Net cash used in operating activities was $35.6 million in 2022, primarily attributable to a net loss of $34.1 million and a net change in our net operating assets and liabilities of $11.1 million, partially offset by non-cash charges of $9.6 million. Non-cash charges primarily consist of $10.8 million in depreciation and amortization, $7.0 million in stock-based compensation expense and $0.6 million in non-cash lease expense, partially offset by $9.1 million change in the contingent consideration liability associated with the BSC product revenue milestone. The change in net operating assets and liabilities was primarily due to $4.0 million increase in inventory due to strategic purchases of inventory, $0.7 million increase in other assets, $5.6 million decrease in accounts payable and accrued liabilities, and $0.8 million decrease in operating lease liability, partially offset by a $0.2 million increase in accrued compensation.

Net cash used in operating activities was $22.4 million in 2021, primarily attributable to a net loss of $21.5 million, $38.0 million in change in fair value of derivatives liabilities, $21.3 million loss on long-term debt extinguishment, $10.6 million in depreciation and amortization, $6.8 million in stock-based compensation expense, $5.8 million in interest expense from long-term debt and convertible notes, $3.0 million gain on extinguishment of PPP loan, $3.3 million in amortization of debt discount and debt issuance costs and a net change in our net operating assets and liabilities of $8.5 million. The net change in our net operating assets and liabilities are mainly driven by the increase in inventory off set by increase in accounts payable. The Company has increased its inventory on hand to be able to respond to an increase in future sales and to reduce the risk of future supply-chain issues.

Cash flows used in investing activities

Net cash used in investing activities was $0.1 million in 2022, used to purchase property and equipment.

Net cash used in investing activities was $0.6 million in 2021, which was mainly used to purchase property and equipment.

                                       83

--------------------------------------------------------------------------------

Cash flows provided by financing activities

Net cash used in financing activities was $5.0 million in 2022, which primarily relates to $5.0 million payment of contingent consideration.

Net cash provided by financing activities was $46.2 million for 2021, which primarily relates to $69.8 million proceeds from our IPO, net of underwriting discount and commission, $39.0 million proceeds from issuance of convertible notes and lending under term loans, net of lender fees and costs, success fee and debt fees, partially offset by $35.4 million related to the Ares loan repayment and $25.0 million payment of delayed purchase obligation and Development Milestone.

Contractual Obligations and Commitments

Our contractual obligations and commitments relate primarily to our CIBC Loan and operating leases. In 2019, we entered into a lease agreement for our corporate headquarters, research and development facilities, and manufacturing and distribution centers, located in Santa Clara, CA. In July 2022, we entered into a new lease agreement for our corporate headquarters, which is expected to commence on June 1, 2023. See Note 7, "Debt" and Note 8, "Commitments and contingencies," to our financial statements for further information.
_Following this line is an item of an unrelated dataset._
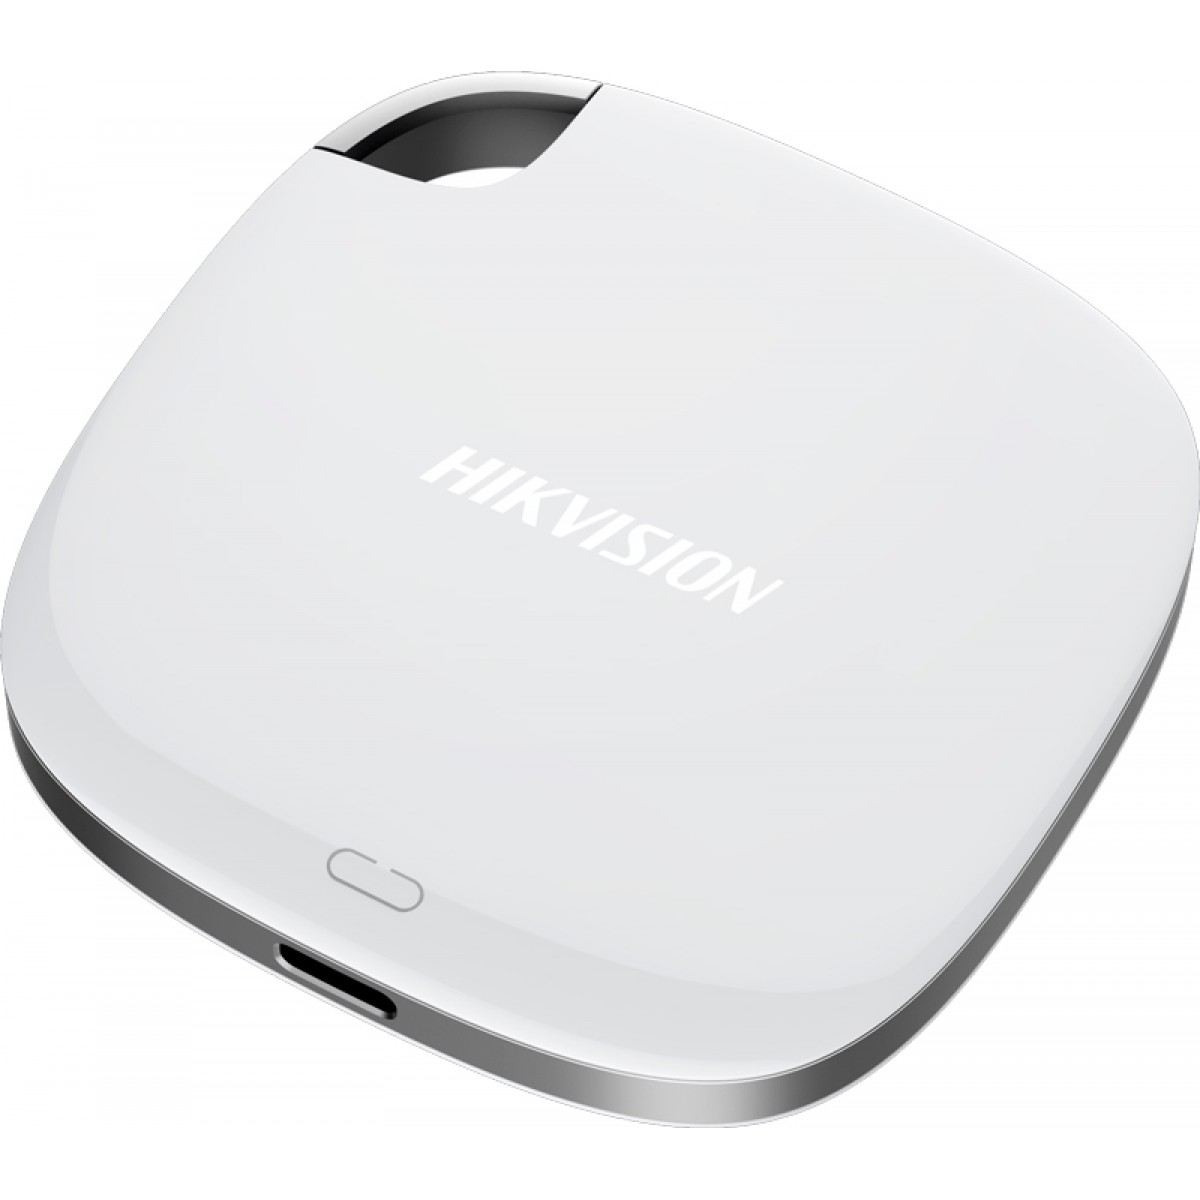 SSD Externo Portátil Hikvision T100I 240GB, USB 3.1, White

Critical accounting policies, significant judgments and use of estimates

Our financial statements have been prepared in accordance with GAAP. The preparation of our financial statements requires us to make assumptions, estimates, and judgments that affect the reported amounts of assets and liabilities, the disclosure of contingent assets and liabilities at the date of the financial statements, and the reported amounts of revenue and expenses incurred during the reporting periods. Our estimates are based on our knowledge of current events and actions we may undertake in the future and on various other factors that we believe are reasonable under the circumstances, the results of which form the basis for making judgments about the carrying value of assets and liabilities that are not readily apparent from other sources. We evaluate our assumptions, estimates and judgments on an ongoing basis. Our actual results may materially differ from these estimates under different assumptions, judgments or conditions. We believe that the accounting policies discussed below are critical to understanding our historical and future performance, as these policies relate to the more significant areas involving management's judgments, and estimates. For more detail on our significant accounting policies, refer to Note 2 to our audited financial statements.

Revenue recognition

We generate revenue primarily from the sale of disposable devices and controllers that treat the root causes of abnormal uterine bleeding (AUB). We invoice hospitals, ambulatory surgical centers, and physician offices for the disposable products and pay commissions to the sales representatives.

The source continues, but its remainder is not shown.